### Collected material
BEGIN
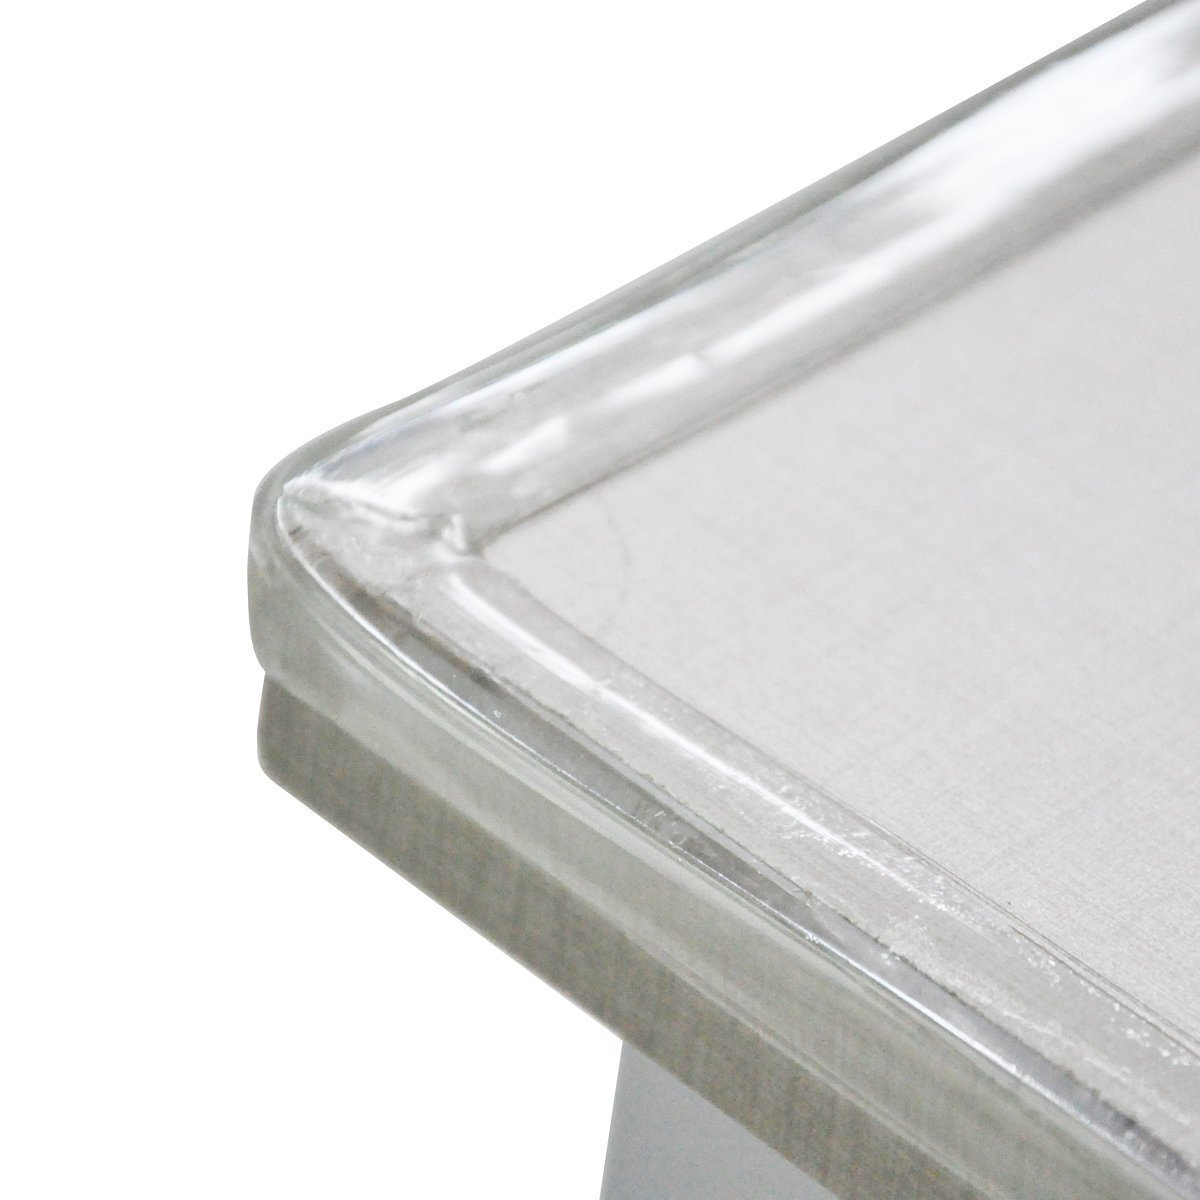 Amazon.com : Transparent Baby Bumper Strip Baby Safety Corner Protector  Table Edge Corner Cushion Strip (2m) : Baby
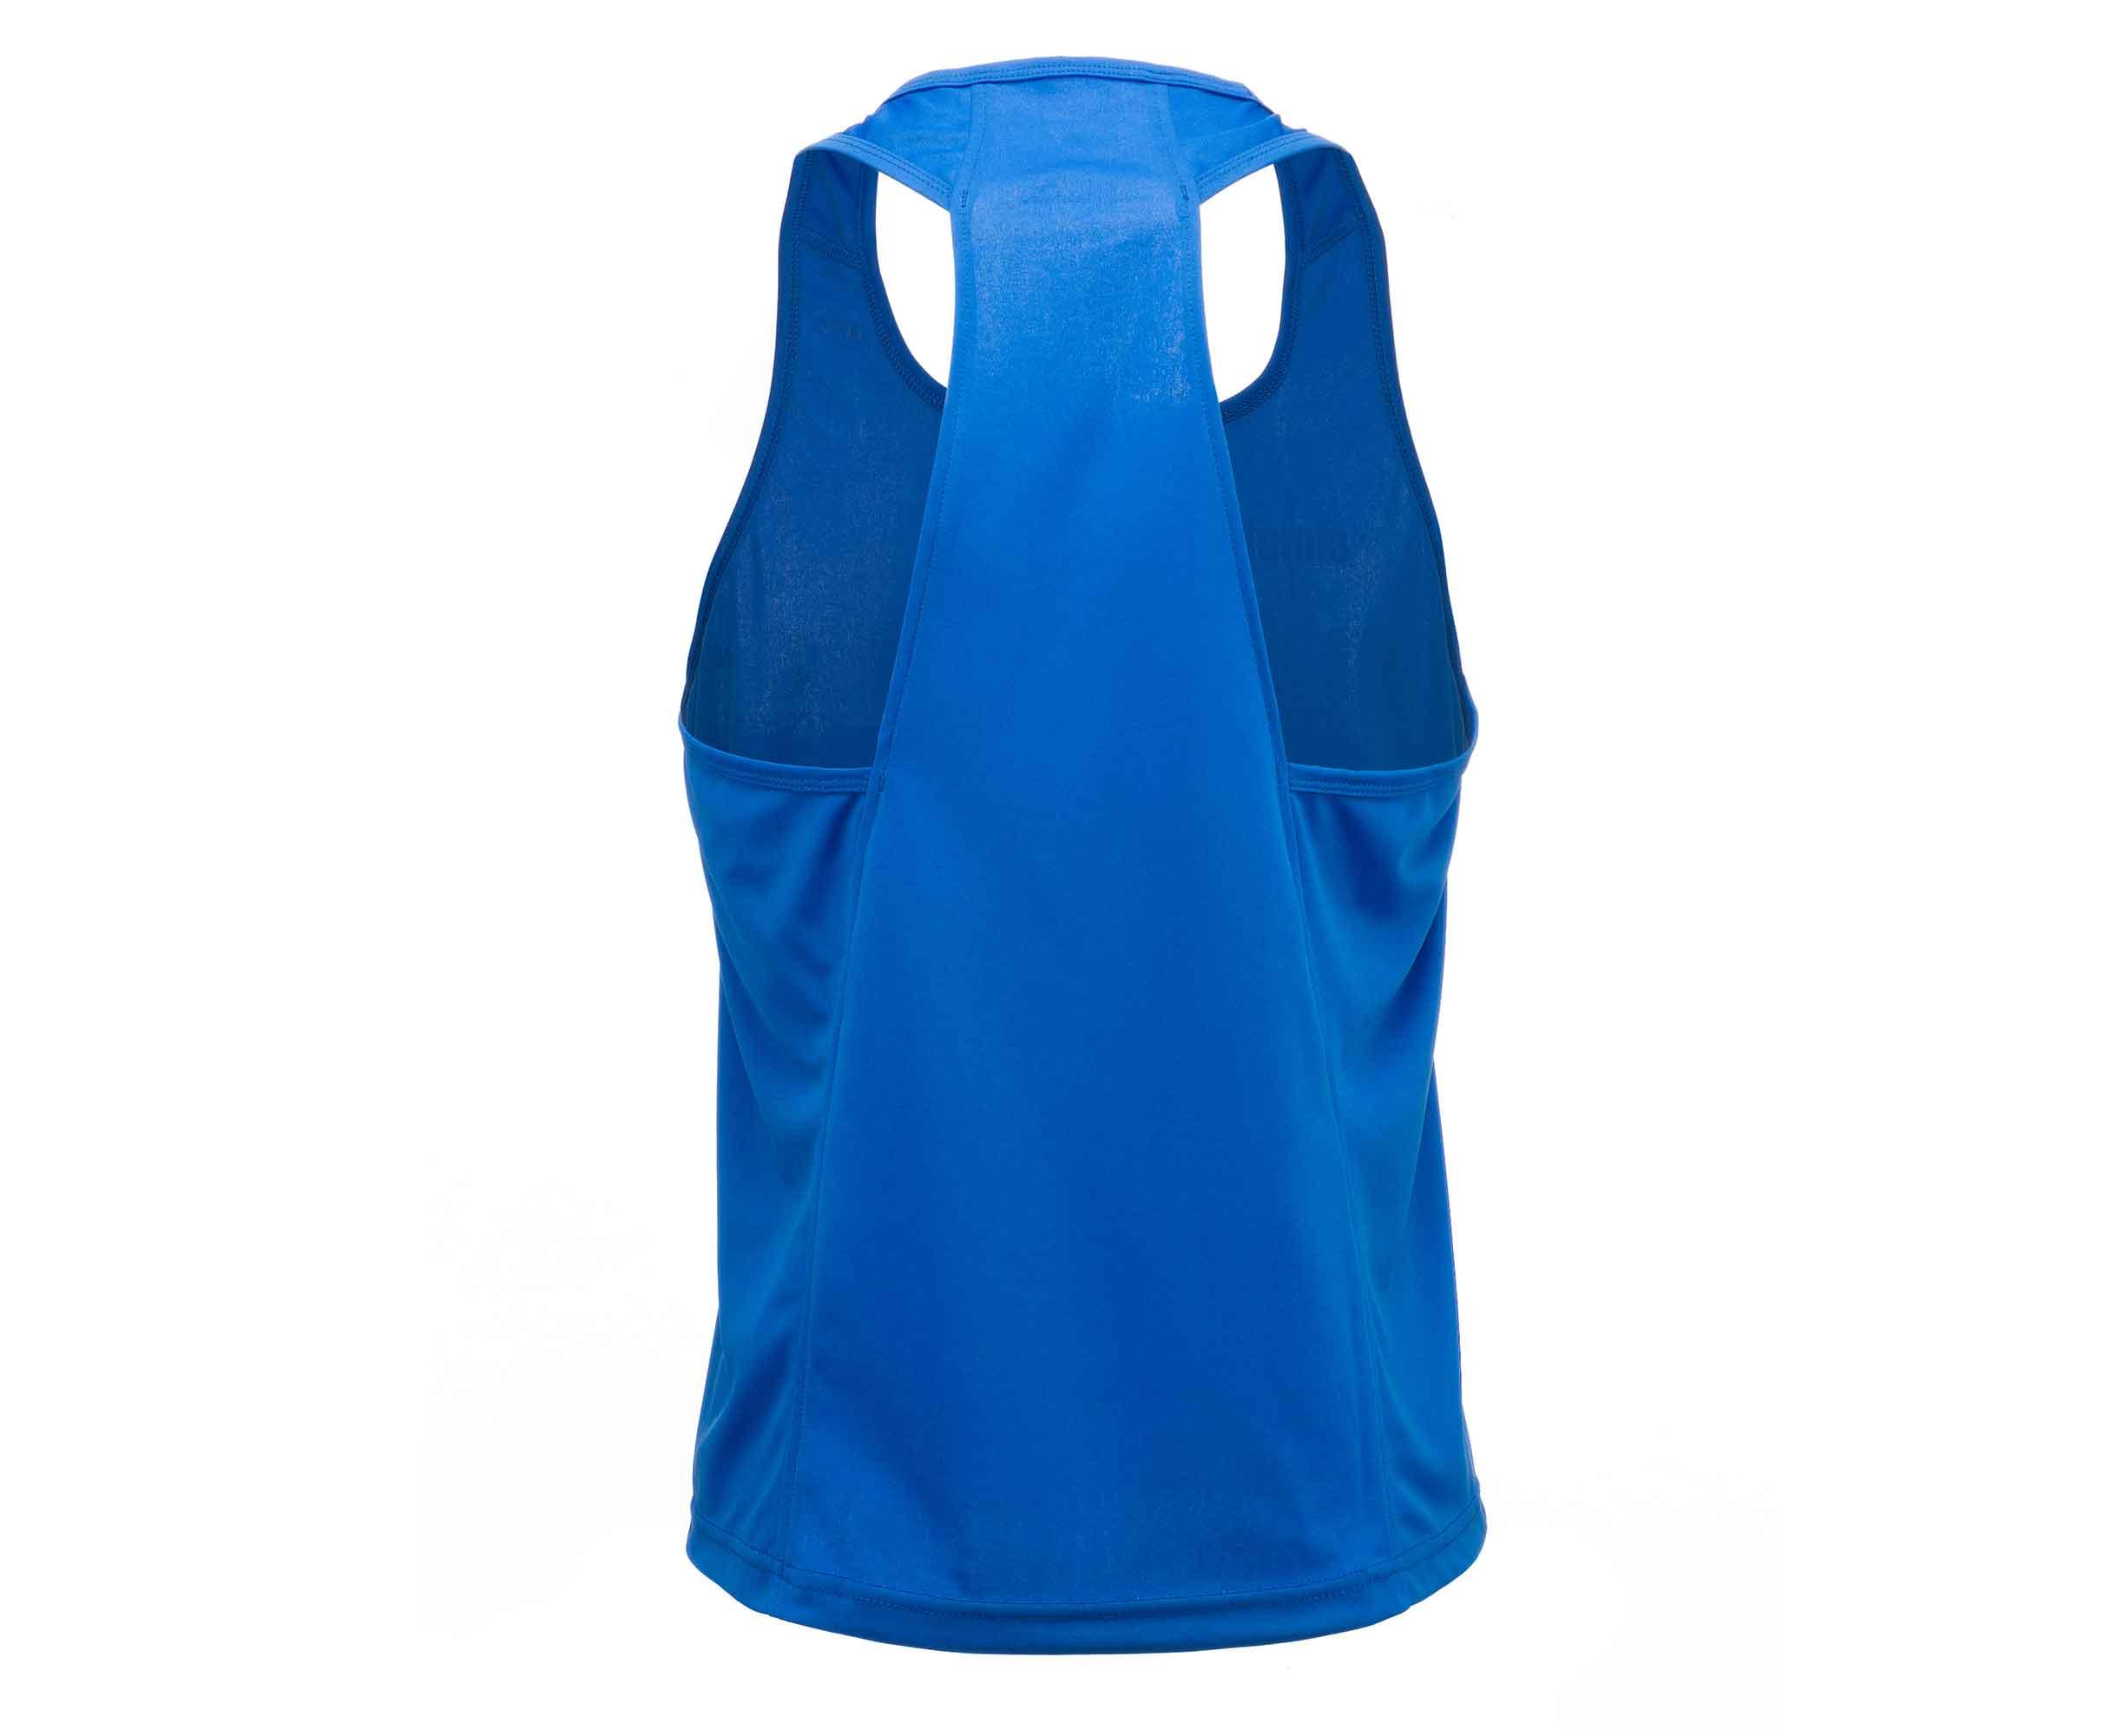 Майка боксерская Adidas Clinch Olimp синяя 2XL
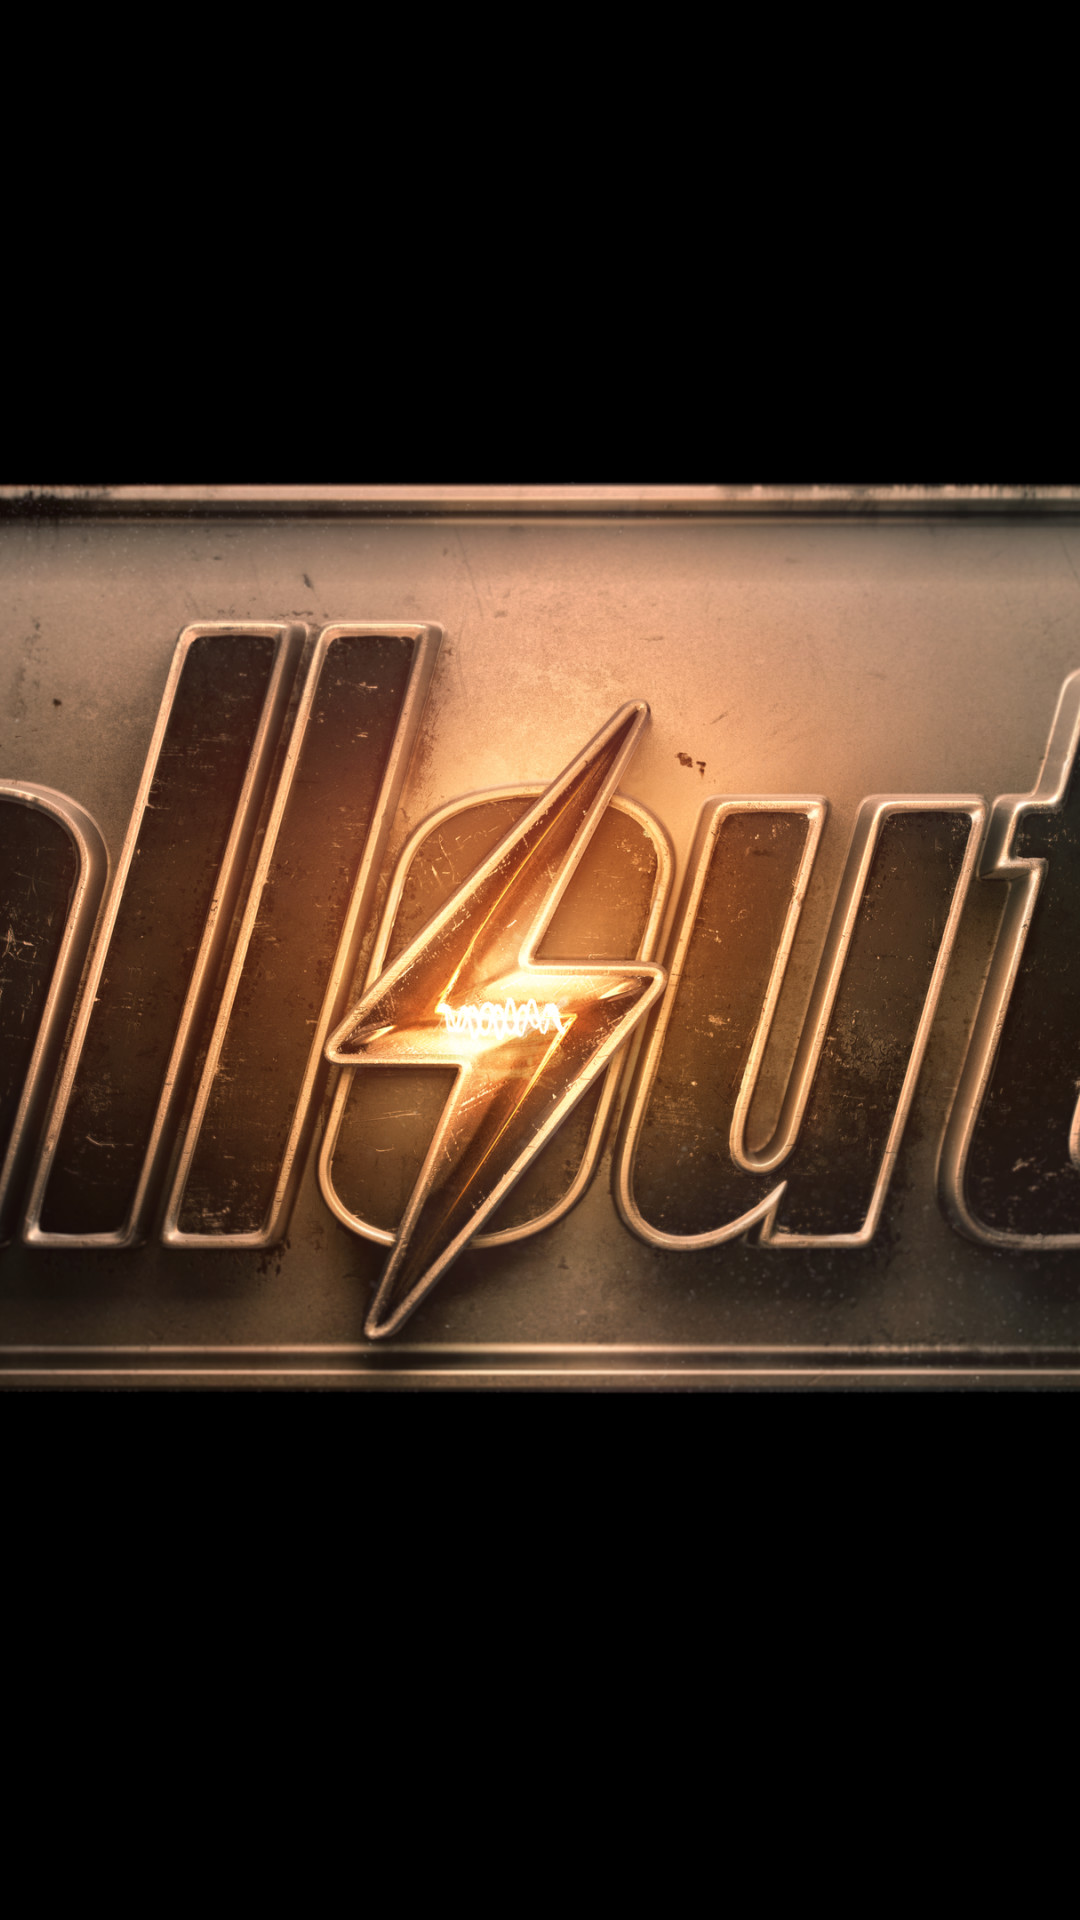 Beautiful Wallpaper Logo Fallout 4 - 312485  Pictures_94837.jpg
END
### What you have to do
Except for the pictures, the whole listing above should be transcribed exactly.

### Your solution
 Amazon.com : Transparent Baby Bumper Strip Baby Safety Corner Protector  Table Edge Corner Cushion Strip (2m) : Baby
 Майка боксерская Adidas Clinch Olimp синяя 2XL
 Beautiful Wallpaper Logo Fallout 4 - 312485  Pictures_94837.jpg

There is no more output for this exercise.